McGuinness reiterated her message to the school community from Wednesday that next week there will be a distributed plan for re-training of all employees in the district on the School Committee policy and the regulations with respect to restraints. She said the legally redacted investigation report will also be presented publicly at the next School Committee meeting.

“Undeniably, we are experiencing challenging and, frankly, bad times,” McGuinness said at Thursday’s meeting. “And it’s tough.

“Our focus during this time, even though it’s difficult, is to continue to stay centered on supporting our students and each other as we move through these challenging times and forward.”
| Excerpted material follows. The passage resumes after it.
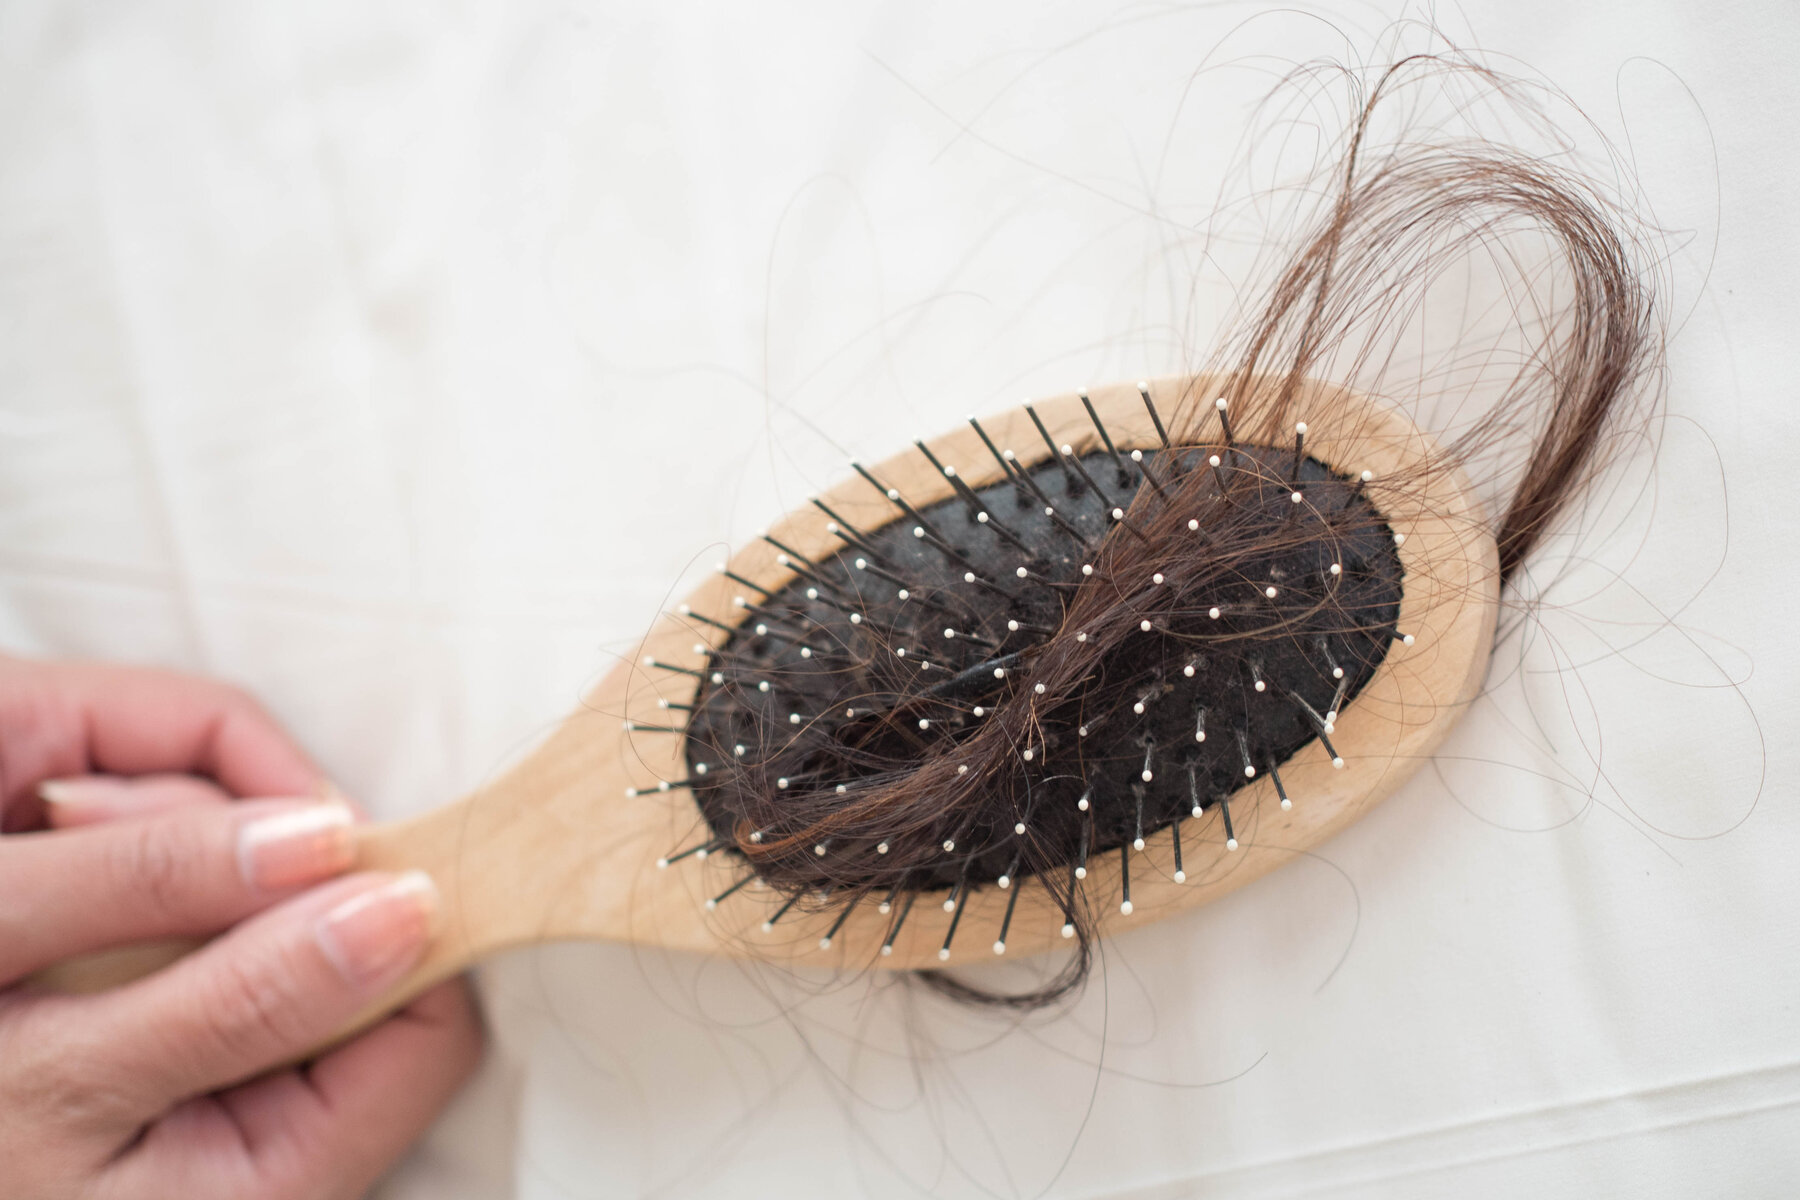 बाल झड़ने की समस्या डराने लगी है? जल्द शुरु करें ये काम, नहीं टूटेंगे बाल  Best natural and home remedies to prevent hair fall - News Nation

School Committee member Alison Taylor expressed her support for the teachers and conceded: “I don’t know how anyone is going to want to stand up and in be in these positions again — I don’t blame them.”

“I am so incensed by this because it simply defies logic,” Taylor said. “You have people who were doing nothing but the best for them, for the student at hand, for any student at hand, for the rest of the students. … And here we are seemingly only blaming the people who were really trying their hardest to do the most they could with the littlest resources because we can’t get anybody to help them.”

School Committee Chair Sarah Fox said she was very surprised to read the findings Wednesday night and laid the blame for the teachers not being fully versed on the restraint policy as a failure of previous district administrative and student services leadership.

“It didn’t need to get to this point,” Fox said. “We’re not serving students right. We’re not serving staff right.”